We are glad that you found the idea straightforward and novel, and pointed out that we had very good performance on multiple downstream applications. We answer all comments below, and have also made a number of updates to the paper to reflect our responses (including new algorithms to describe the encoder architecture, training, and inference), which are in red.
> Question: Variable-length Coarse-to-fine
- Thank you for bringing this paper to our attention! As it was published only 2 months (July ‘23 at ICML) before the ICLR deadline, we had not seen it at the time of the deadline. We have updated our paper to include this paper in Appendix A, and to clarify that we are the first to employ variable-length coarsening without a fragment vocabulary (as done in Qiang et al.) This is an important difference, as our method has more flexibility and can work on any given molecule, not only those that can be parsed by the provided vocab. When [1] and CoarsenConf are limited to the same atom types, if a new fragment not in the vocab were to be encountered at test time, [1] would have to be retrained from scratch whereas CoarsenConf can handle any molecular substructure.
> Question: Encoder Architecture clarity
- We have updated our paper to add new algorithms and clarify the description of the encoder architecture in Appendix D, including what the inputs and outputs are of the three modules, and getting outputs based on inputs. The encoder is set up similarly to a bi-LSTM, but in our case, we have three equivariant message-passing modules that pass information from the fine module to the pooling module, to the final coarse-grain module in each layer. We bring up the analogy to the LSTM, as the product of one module is used as the input for the next.
- At a high level, our encoder takes in (X, h) and (X^, h), the ground truth and RDkit approximated conformer (equivariant 3D positions/features, invariant atomic features), and produces Z and Z^, the CG latent equivariant representation for the ground truth and RDKit inputs.

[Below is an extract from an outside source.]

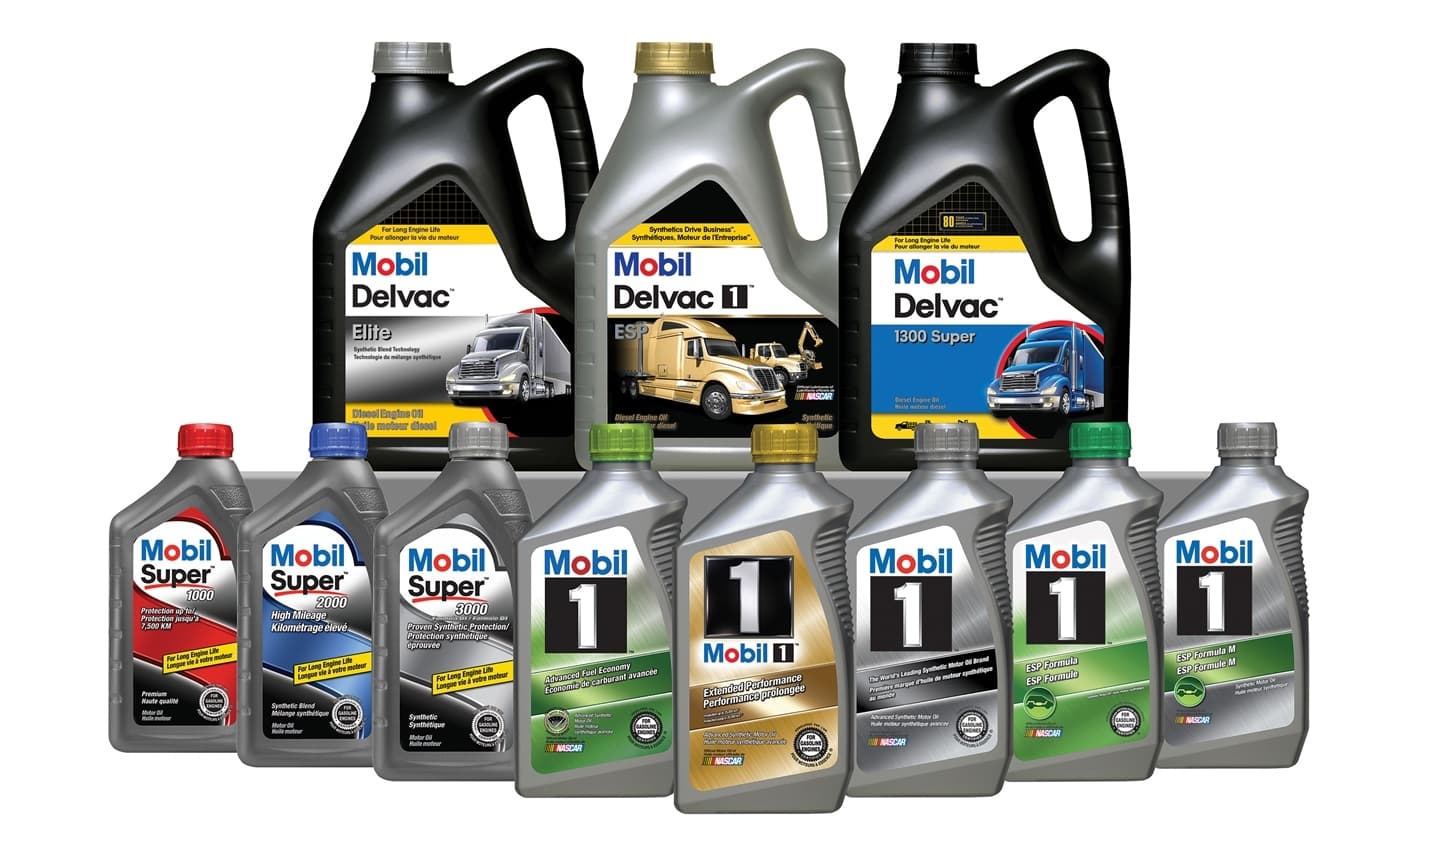 Aceite para el coche barato vs aceite caro
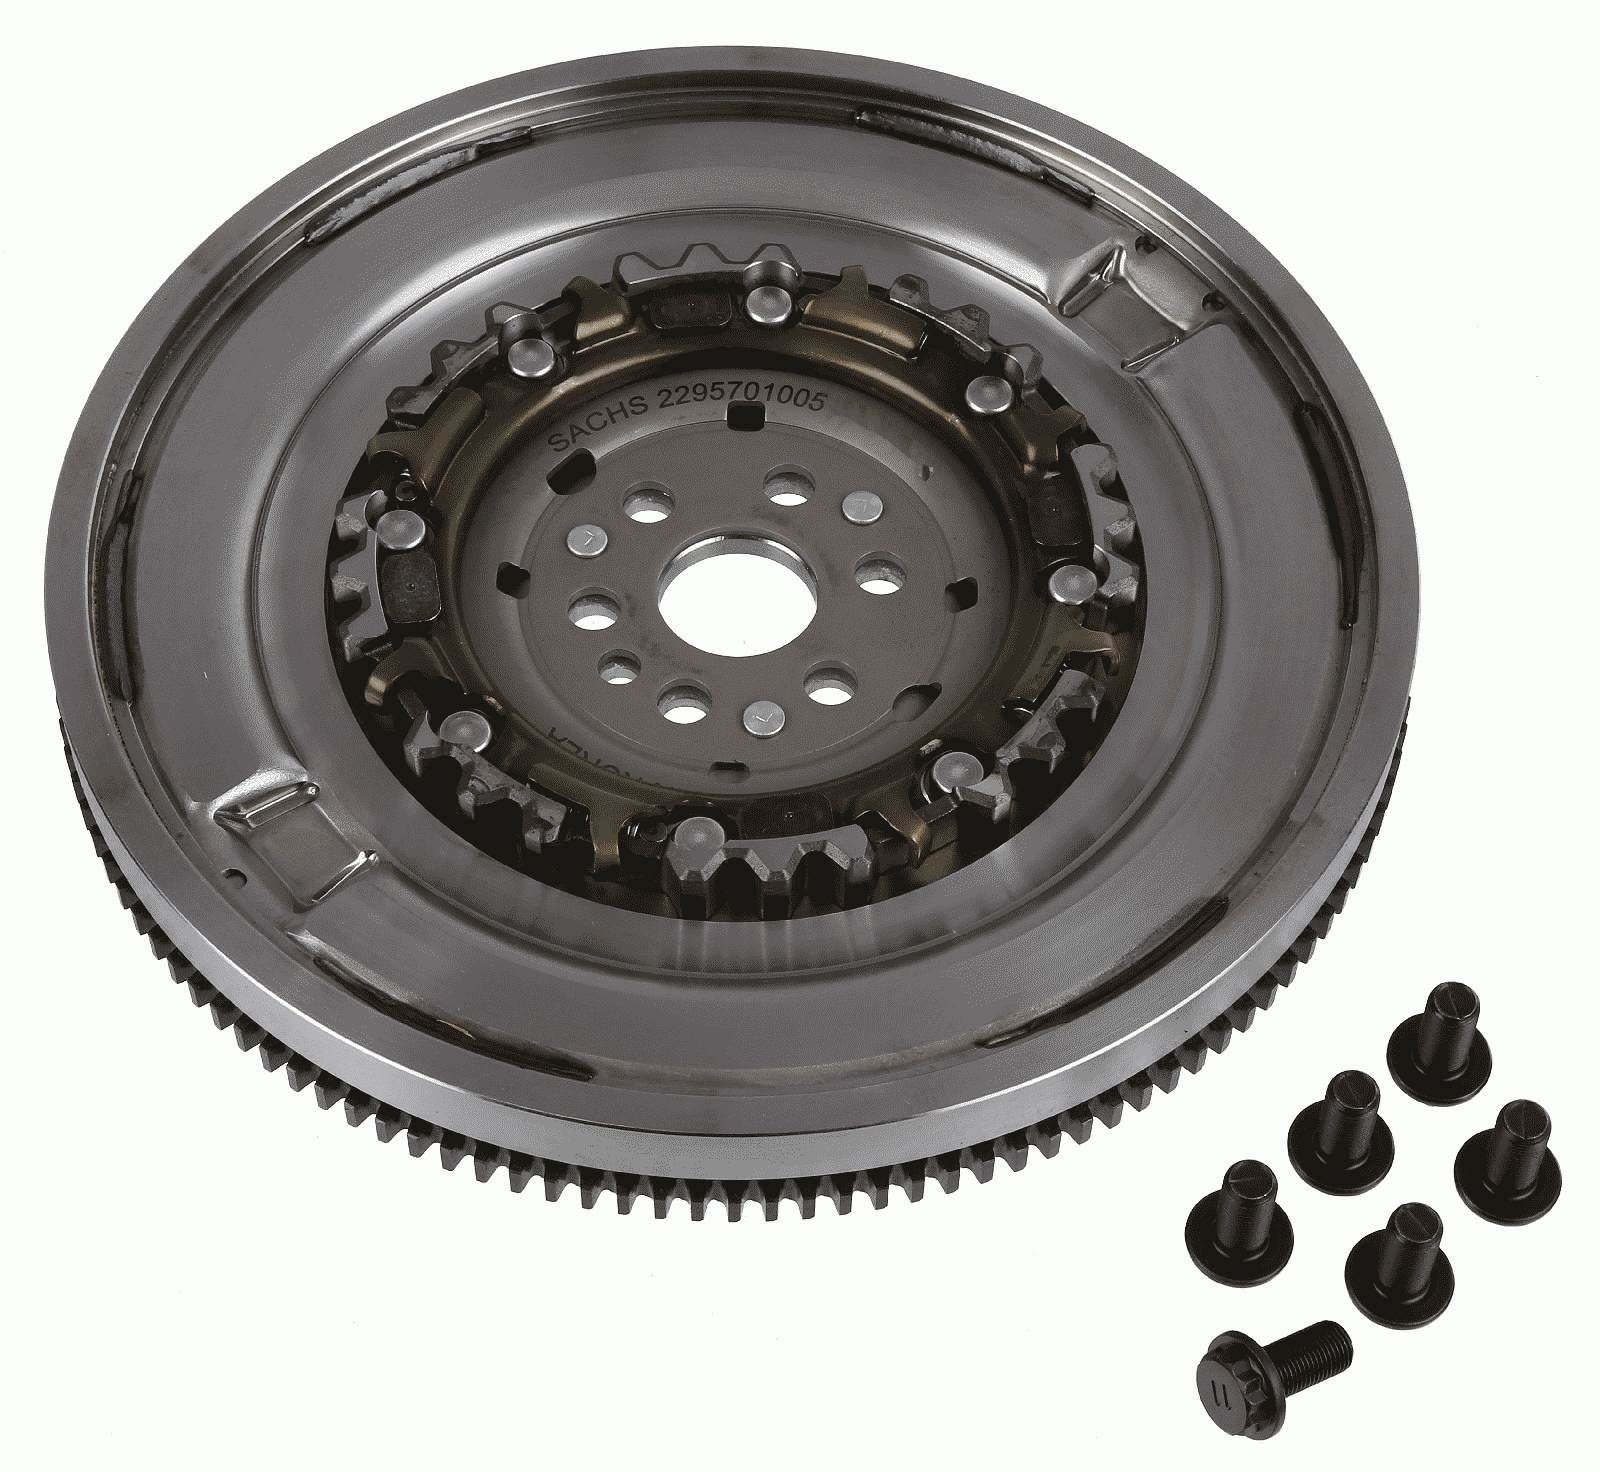 SACHS 2295 701 005 Flywheel with flywheel screws

- Each module is an EGNN update, which takes in equivariant features and invariant features, and produces a message-passing update for both, given by equations 6, 7, 8, and 9 for each of the provided modules. These equations detail the method of achieving outputs from inputs, but not the exact methodology for how the information is passed from one module to another, which we go into further detail next.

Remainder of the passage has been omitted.